I do not advocate violence nor retaliatory acts. But I am fed up with antagonistic folks who act like the innocent after their intentional harmful deeds hence the need to speak up and call the act out for what it is. The NBA ruling also sends a strong message against such actions.

Do incidents occur when playing games? Sure they do. Both intentional and unintentional. Most intentional acts go undetected by the referees. But none should have to draw blood out of another. IS got five stitches for the brow bust. The more reason I feel that LBJ got away too easy.

Know how to handle them

Antagonists are everywhere. You might not understand my post if you’ve never experienced one. I had. At the time, I didn’t know how to handle antagonistic acts and people. After making outburst reactions, I learned to dissociate myself from such people.

I also recently had an experience at an Asian grocery store I occasionally visit.

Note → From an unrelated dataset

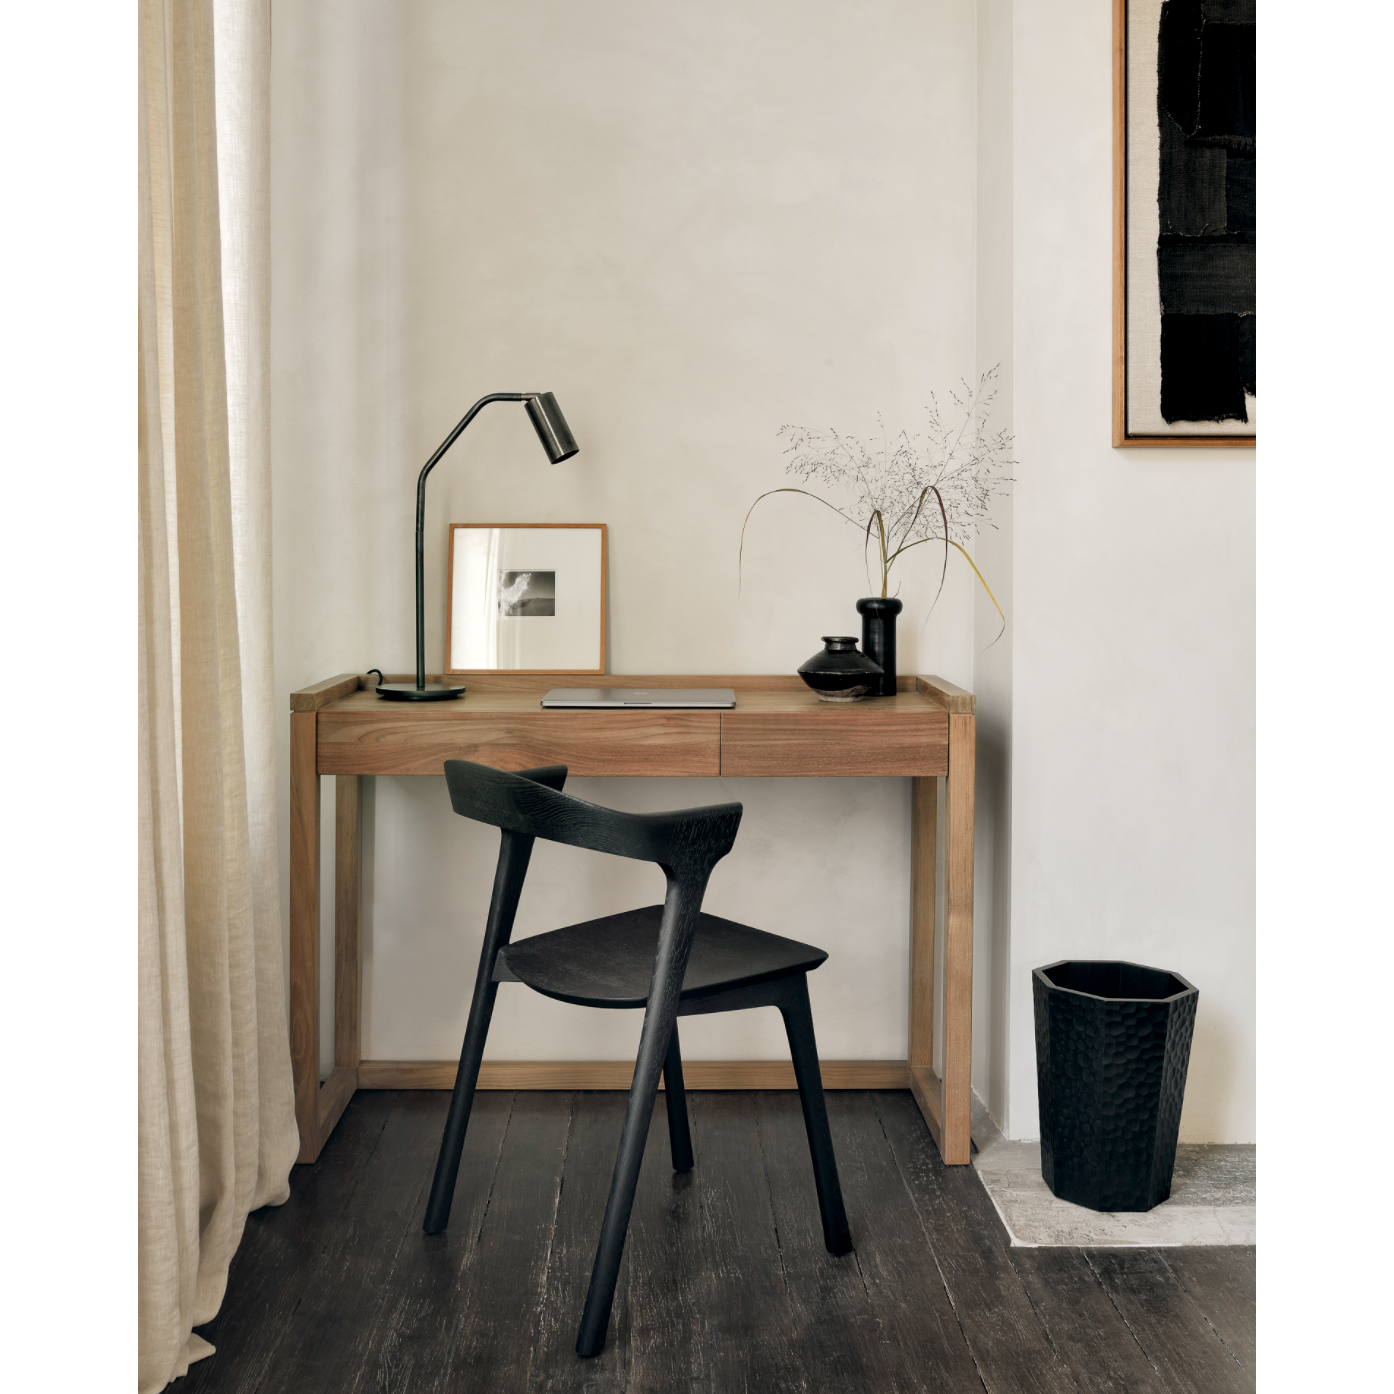 This Oak Bok Dining Chair features an airy shape with rock-solid construction, making this piece a timeless and remarkable design to enjoy for years to come. Pair with a dining table or stand-alone against a wall, hallway, or end of the bed! Designed by Alain can Havre Dimensions: 20"w x 21.5"d x 30"h Weight: 15 lbs Seat Height: 18" Seat Height with Upholstery: 19" Material: Oak, 100% solid wood Finish: Varnished

I bought fresh fish, shrimps, and a bag of local foods. On my way out, I realized that I had couple more errands to run before heading home. So I turned back to ask for a bag of ice to help preserve the seafood. I took out the other item from my grocery bag to make room for the ice. As I was about to grab a plastic bag near the exit of the store, to go get the ice, one of the staff (an Asian lady) chased me down. She ran all the way from the back of the store, was so loud speaking in chinese, pointing at me and the item in my hand. Since I didn’t understand, I ignored her and went straight to the store’s freezer room for the ice. The lady was still talking to her other store staff when I returned. So I asked what her uproar was. When I realized that she was actually accusing me of not paying for the item in my hand, I got upset. Now it was my turn to cause an uproar. I demanded an apology. The lady instantaneously shifted gear and said “me help you …”. She stated that she was trying to help me. Which was untrue. The lady ran from the back of the store to the front to accuse me and tried to cover up her act when she was told that I had paid.

My recent experience is nothing compared to LBJ-IS’s, but the outcome of turning the vile act to one of help-apology is similar.

If you have antagonists in your sphere of life, the best reaction is to ignore them. Their goal is to have the incident escalate from your reaction, while they keep silent and feign ignorance of why you’re reacting as such thus portraying you as the aggressor.

Another way to deal with antagonists is to be assertive. As in my recent instance, I requested an apology which was given. I am of the opinion that LBJ ought to apologize publicly to IS to portray the true NBA sportsmanship and face. Being proactive is also helpful and be prepared to walk away to avoid the situation getting out of hand. I wished IS had walked away.

Taking the above measures will help to know how to tame the antagonist.